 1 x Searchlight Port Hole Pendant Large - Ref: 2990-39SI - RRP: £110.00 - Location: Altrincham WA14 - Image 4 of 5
★ ★ ★ ★ ★ ★ ★
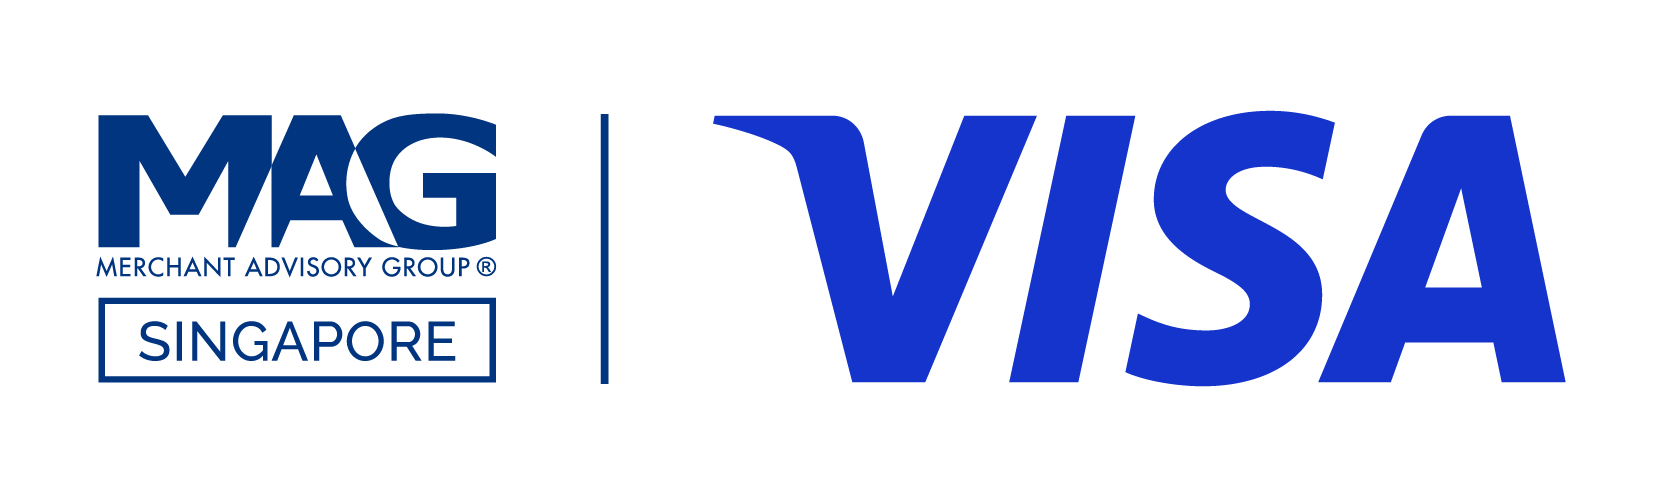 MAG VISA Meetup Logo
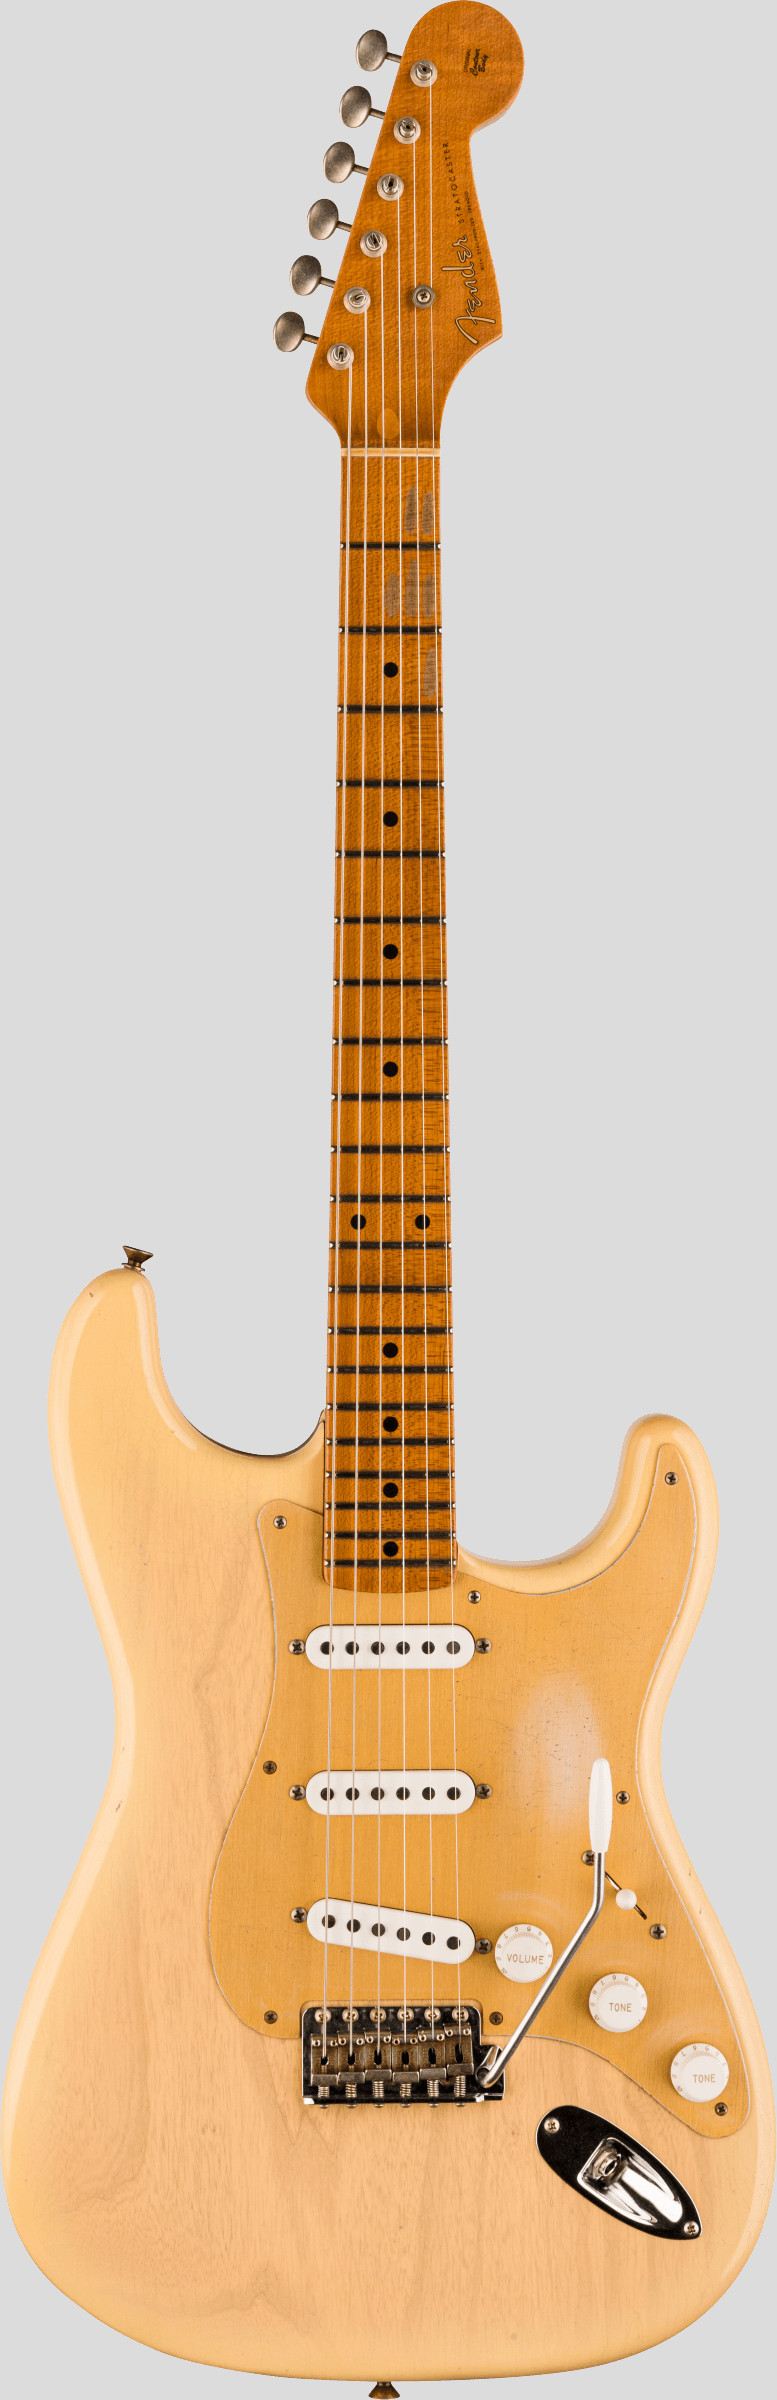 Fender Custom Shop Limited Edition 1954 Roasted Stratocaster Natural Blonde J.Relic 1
★ ★ ★ ★ ★ ★ ★
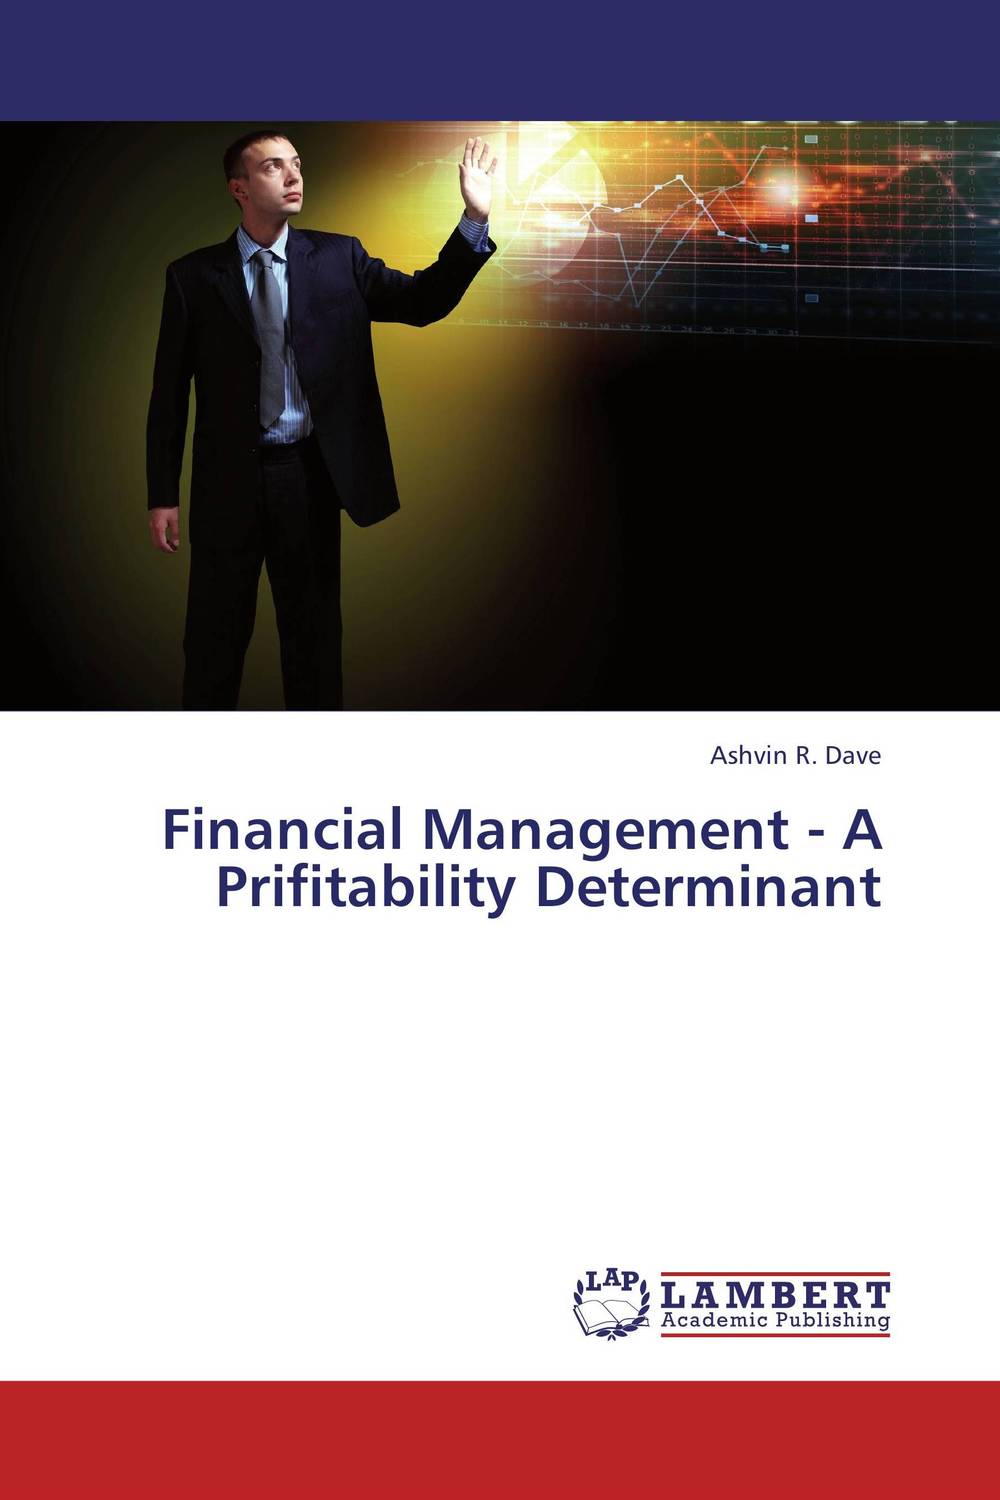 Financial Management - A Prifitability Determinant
★ ★ ★ ★ ★ ★ ★
→ **WHAT YOU HAVE TO DO**:
Among the entries above, copy exactly the stretch from the line holding "MAG VISA Meetup Logo" through the line holding "Fender Custom Shop", leaving out any pictures.

→ **TASK ANSWER**:
 MAG VISA Meetup Logo
 Fender Custom Shop Limited Edition 1954 Roasted Stratocaster Natural Blonde J.Relic 1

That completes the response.